● PROBLEM DETAILS
From the entries below, retype only the lines from the one with "リラックスして聴けるLo-Fi、ジャズ風の再生済みの波形" through the one with "e1f2d1bb10b57 Plecak czarny", exactly as written.

● PROVIDED DATA
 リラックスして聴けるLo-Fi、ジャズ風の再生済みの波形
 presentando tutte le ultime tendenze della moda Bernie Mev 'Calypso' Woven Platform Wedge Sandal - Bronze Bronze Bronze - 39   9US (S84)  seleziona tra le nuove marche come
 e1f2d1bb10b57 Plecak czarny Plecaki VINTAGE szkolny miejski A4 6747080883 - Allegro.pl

==

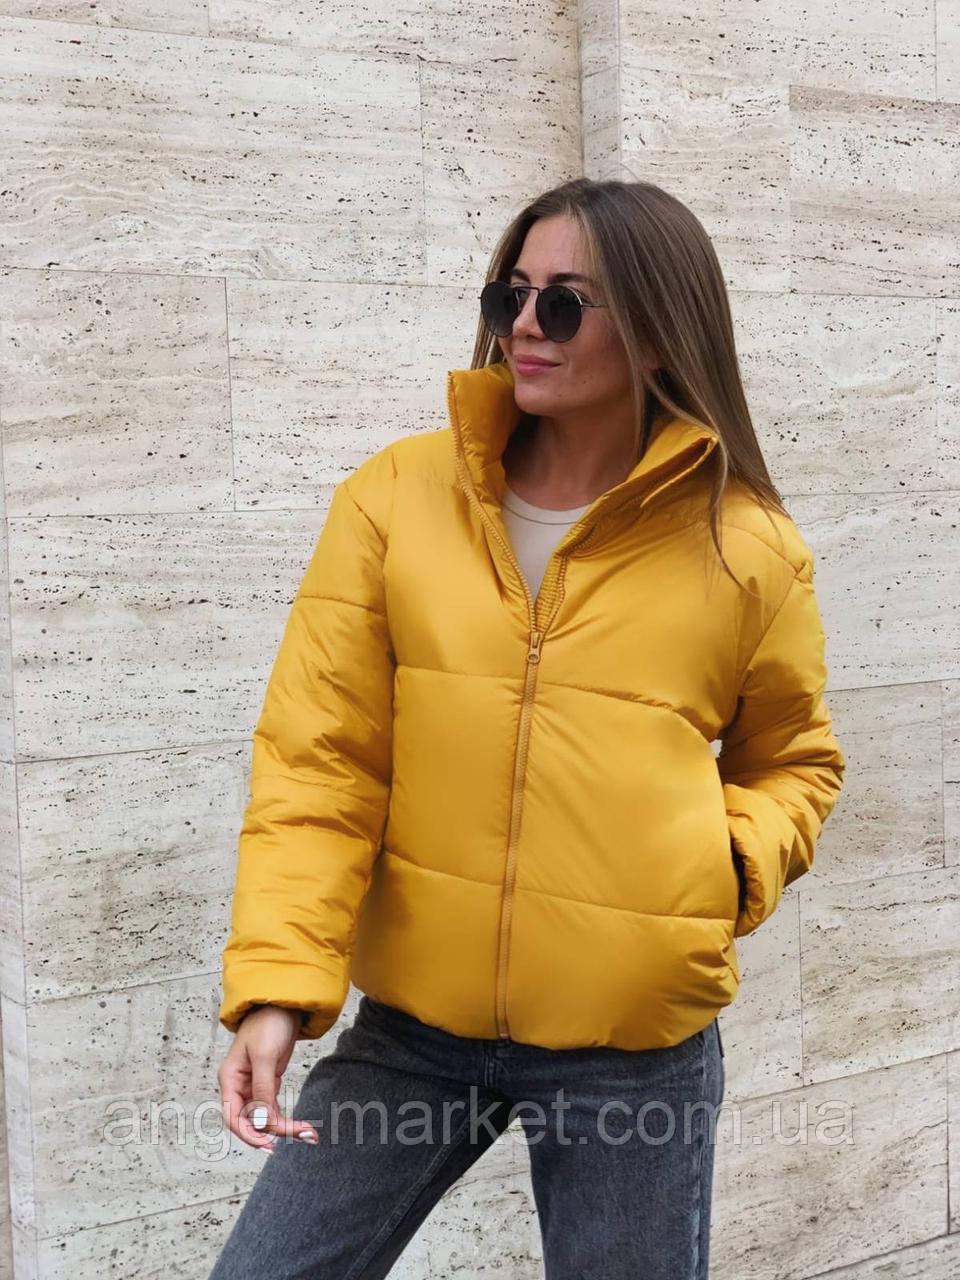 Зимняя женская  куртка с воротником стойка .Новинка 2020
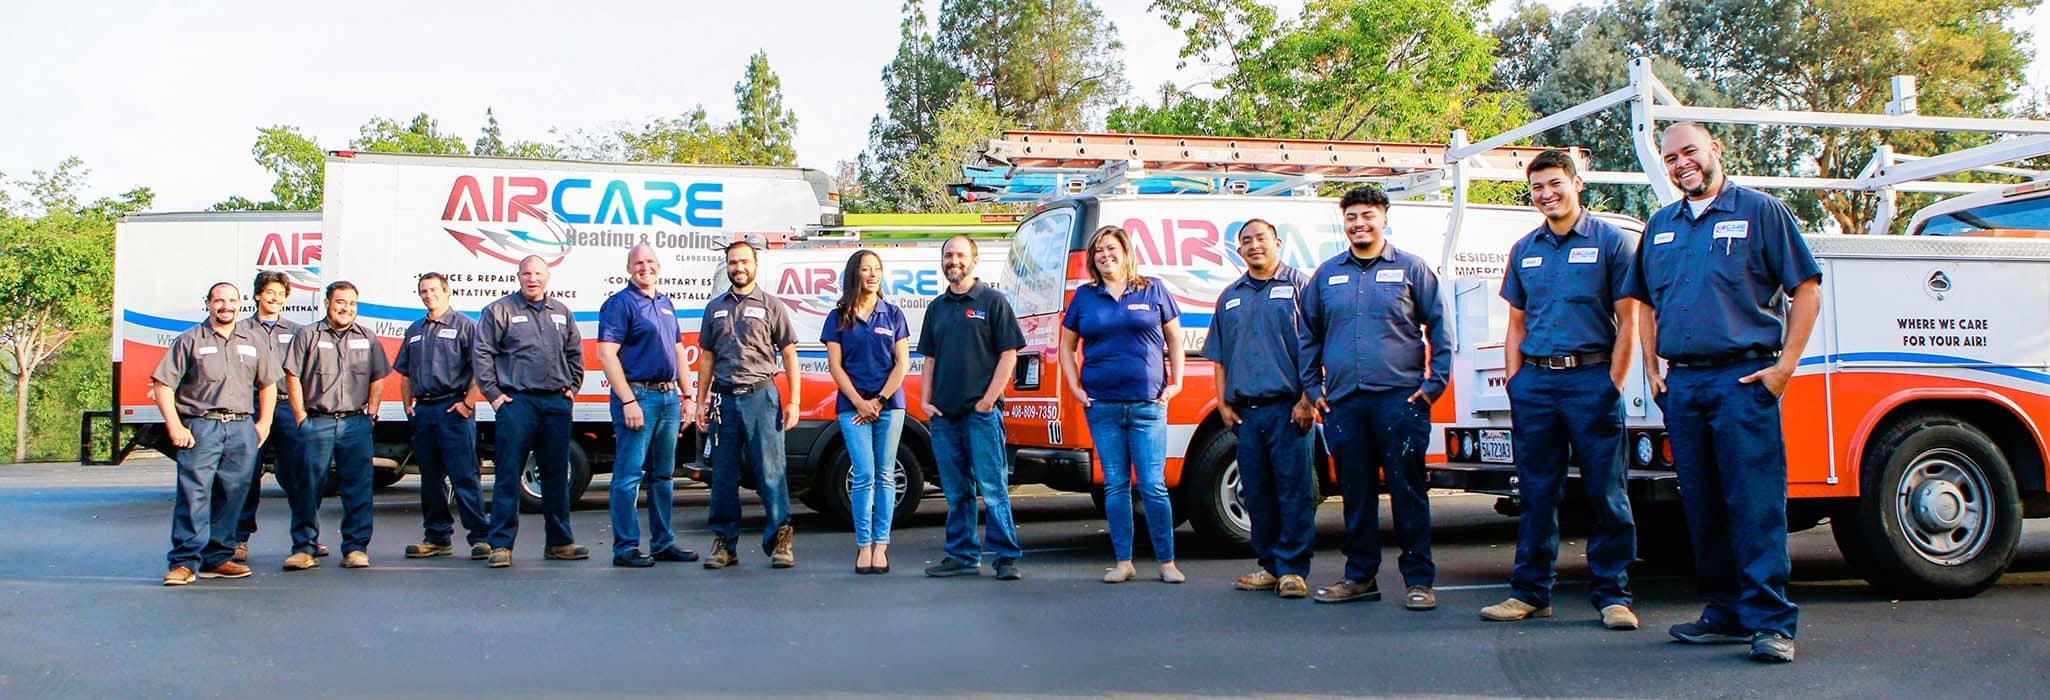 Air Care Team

● THE COMPLETED TASK
 リラックスして聴けるLo-Fi、ジャズ風の再生済みの波形
 presentando tutte le ultime tendenze della moda Bernie Mev 'Calypso' Woven Platform Wedge Sandal - Bronze Bronze Bronze - 39   9US (S84)  seleziona tra le nuove marche come
 e1f2d1bb10b57 Plecak czarny Plecaki VINTAGE szkolny miejski A4 6747080883 - Allegro.pl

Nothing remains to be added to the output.